Xikrin

Total population
- 2267 (as of 2020)

Regions with significant populations
- Brazil ( Pará, specifically Cateté and Bacajá river basins)

Languages
- Xikrin (Macro-Jê language family), Portuguese

Religion
- Traditional animism, Catholicism

Related ethnic groups
- Kayapó, Mebêngôkre, Juruna, Kuruaya

= Xikrin =

Indigenous people of the Brazilian Amazon

The Xikrin are an Indigenous people of the Brazilian Amazon, belonging to the Kayapó (Mebêngôkre) linguistic and cultural group. Their traditional territory spans the Cateté and Bacajá river basins in the state of Pará.

== Name and identity ==
The Xikrin refer to themselves as Mebêngôkre, meaning 'people of the water hole' or 'people of the big water', a name shared with other Kayapó groups. The term "Xikrin" was originally used by neighboring groups and became widely adopted. Historically, they also called themselves Put Karôt. Their language, Xikrin, belongs to the Macro-Jê family.

== Territory and villages ==
The Xikrin inhabit two main Indigenous Territories: Cateté and Trincheira Bacajá, both in Pará state. The Cateté area is drained by the Itacaiúnas and Cateté rivers and is rich in tropical forest, mahogany, Brazil nut trees, and babassu palms. The Trincheira Bacajá Indigenous Land, home to about 1067 Xikrin in 15 villages, covers 1.65 million hectares in the heart of the Amazon.

Villages are built close to rivers or creeks on well-drained land, with a central plaza surrounded by houses. The Men’s House (a communal, political, and ritual space) stands at the center. The Xikrin depend on the rivers for food, transportation, and cultural practices.

== History ==
The Xikrin are descendants of the larger Kayapó/Mebêngôkre group, whose oral histories trace their origins to the Tocantins and Araguaia rivers. The Xikrin of Cateté had their first formal contact with non-Indigenous people in 1952, and the Bacajá Xikrin in 1959. Early contact brought epidemics and population decline, but recent decades have seen demographic recovery, with the population rising from about 470 in the 1980s to over 2000 today.

== Social organization and culture ==
Xikrin society is organized around extended families and ceremonial societies. Festivals include the merêrêmei (beautiful festival), naming ceremonies, and initiation rites for boys and girls.
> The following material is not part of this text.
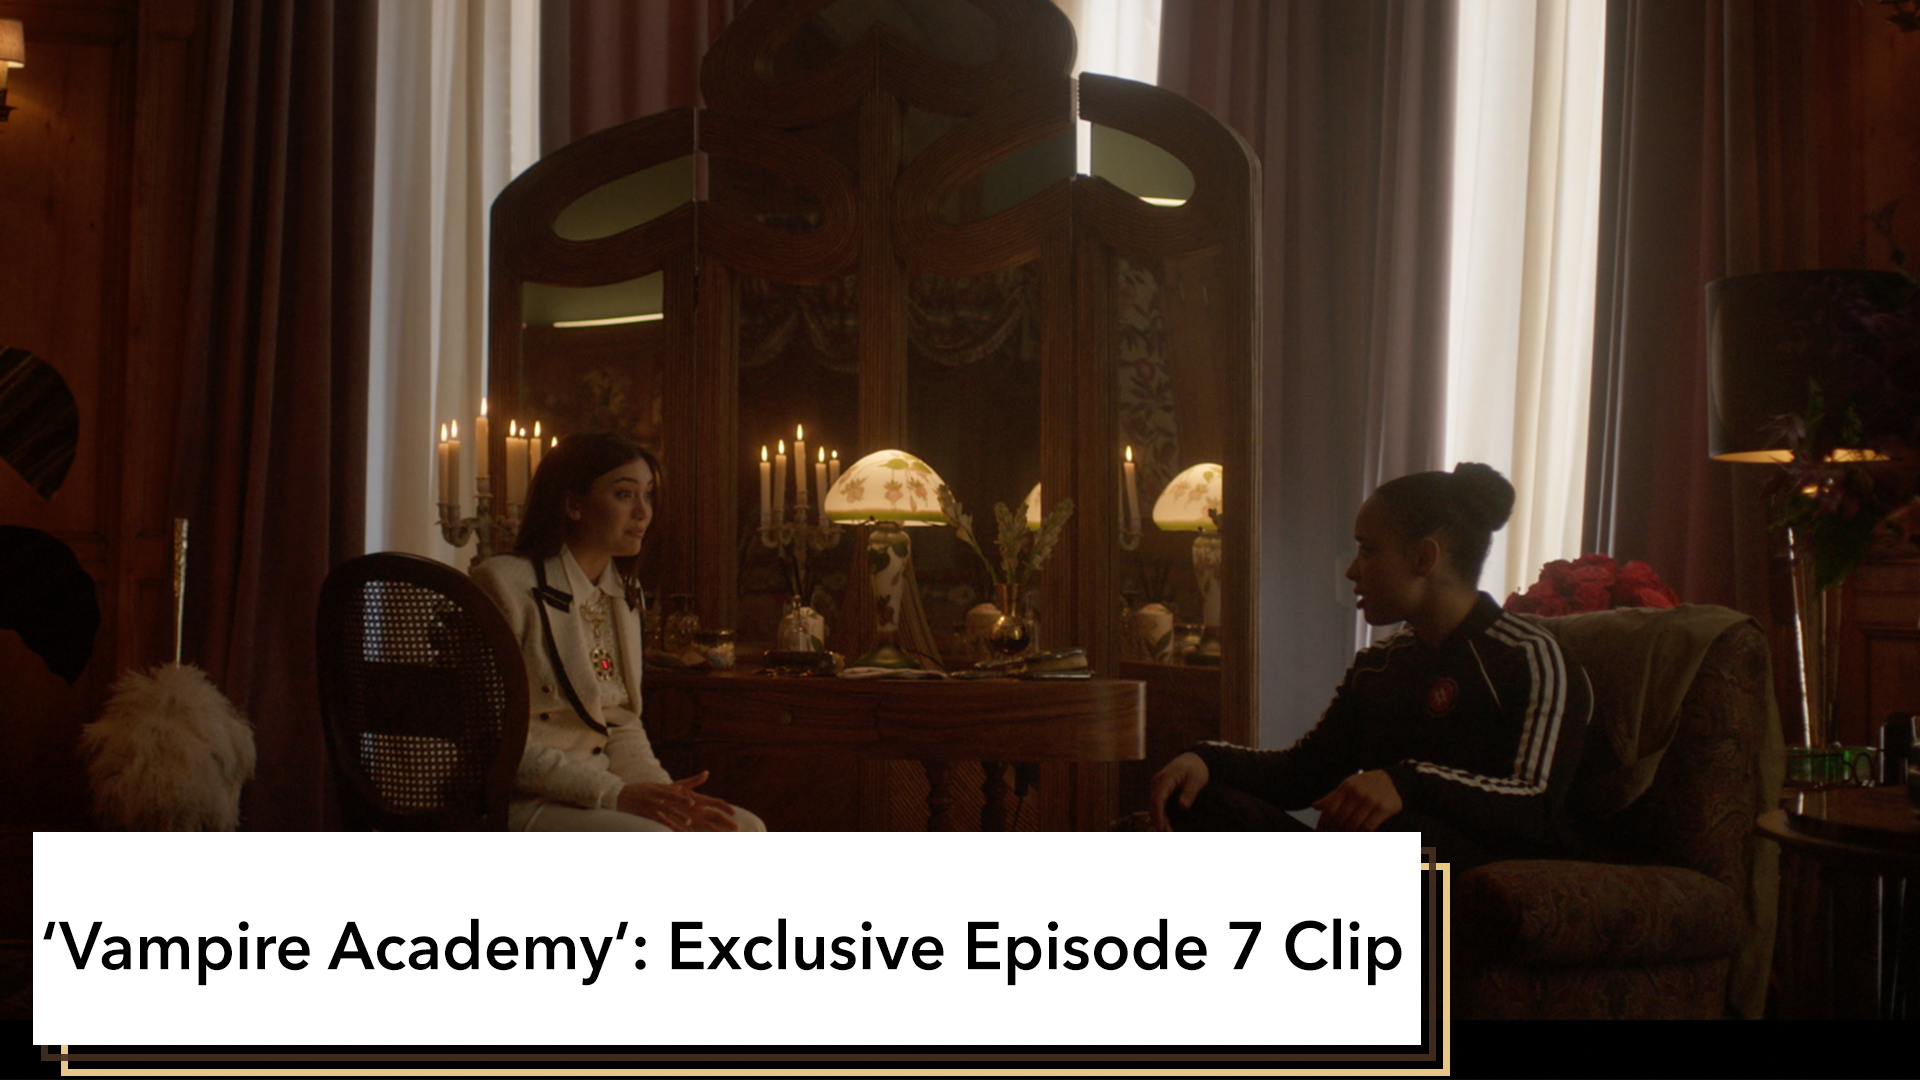 Exclusive: Get A Sneak-Peak At Episode 7 Of ‘Vampire Academy’

Traditional adornment includes feather diadems, shell necklaces, and body painting with annatto and charcoal. Boys undergo scarification and trials to mark their passage to adulthood. Women are known for their environmental stewardship.

== Economy and livelihood ==
The Xikrin practice slash-and-burn agriculture, growing sweet potato, yam, manioc, maize, pumpkin, papaya, banana, and cotton. They hunt, fish, and gather forest products such as Brazil nuts and medicinal plants.
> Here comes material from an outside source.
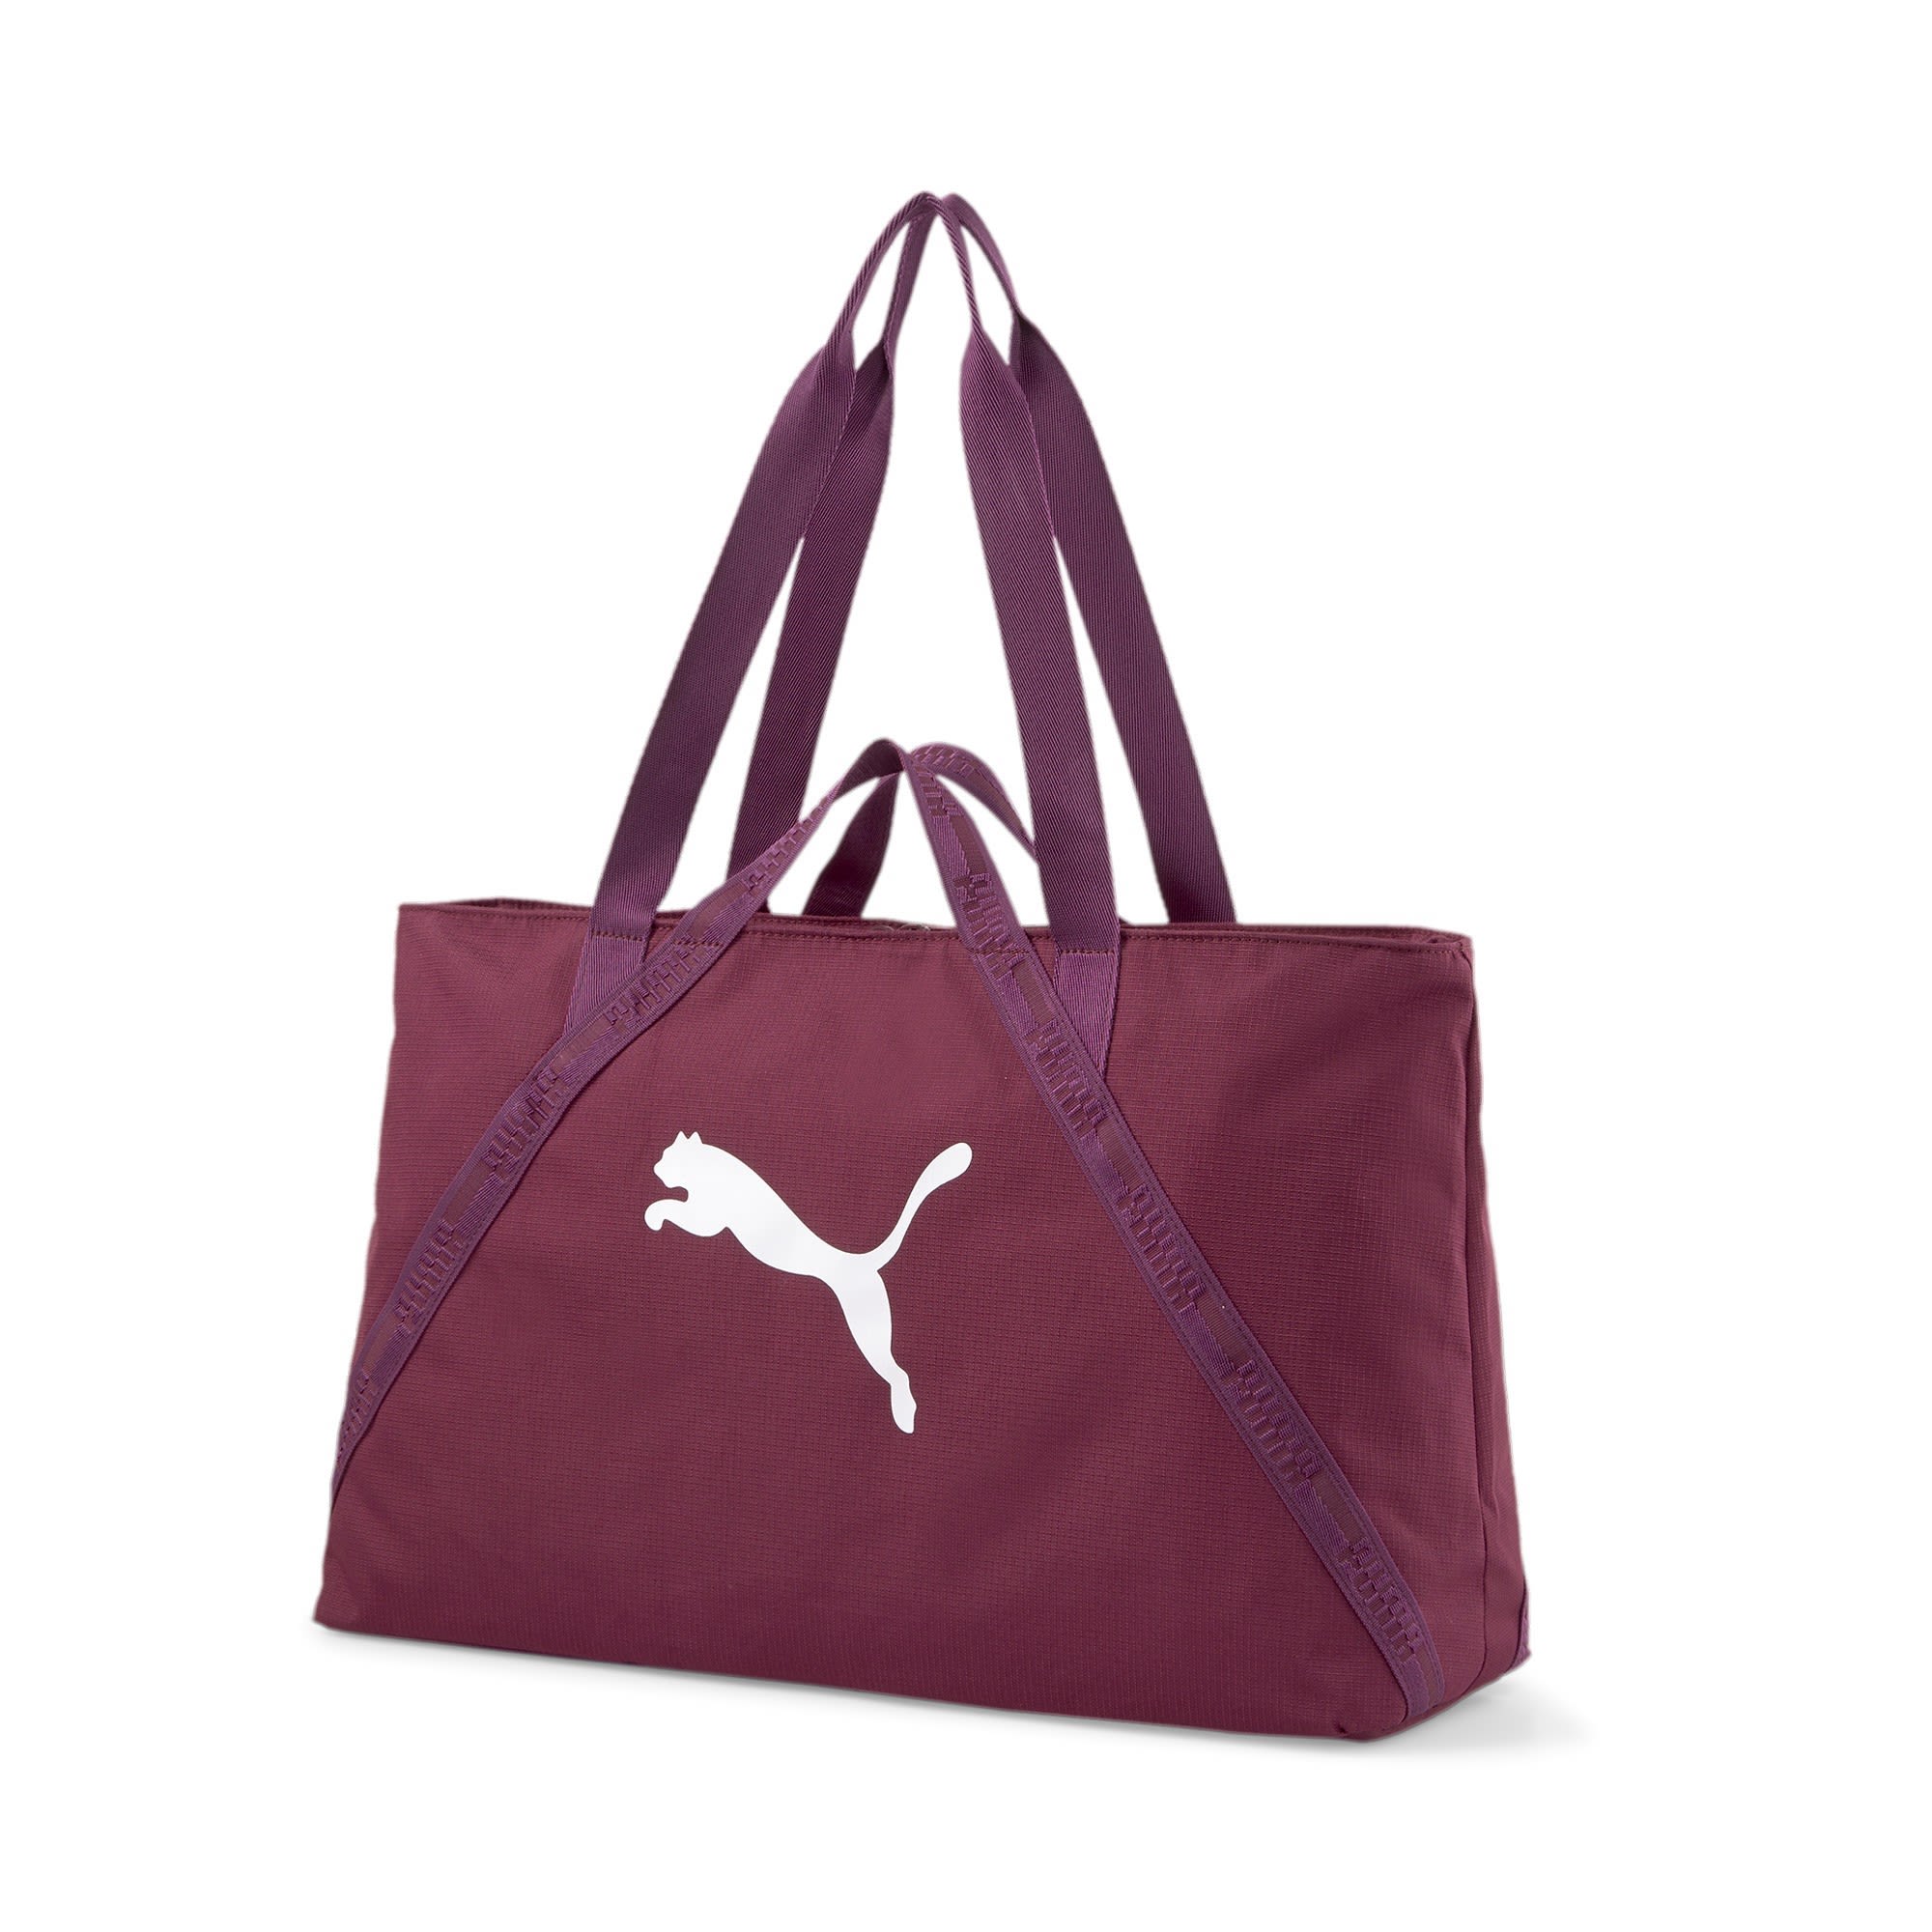 Puma AT Essentials Shopper Rot- Female Sporttaschen- Grsse 23l - Farbe Grape Wine

== Environmental and political challenges ==
Xikrin territories are targets for illegal logging, mining, and land grabbing. The Cateté Xikrin have organized to defend their lands, forming associations such as the Bep-Nói Association and winning legal battles against timber companies. The Xikrin have also faced environmental contamination from mining operations, notably heavy metal pollution linked to nickel extraction.

Despite these pressures, the Xikrin continue to assert their rights and protect the Amazon, contributing to the preservation of one of the world’s most important ecosystems.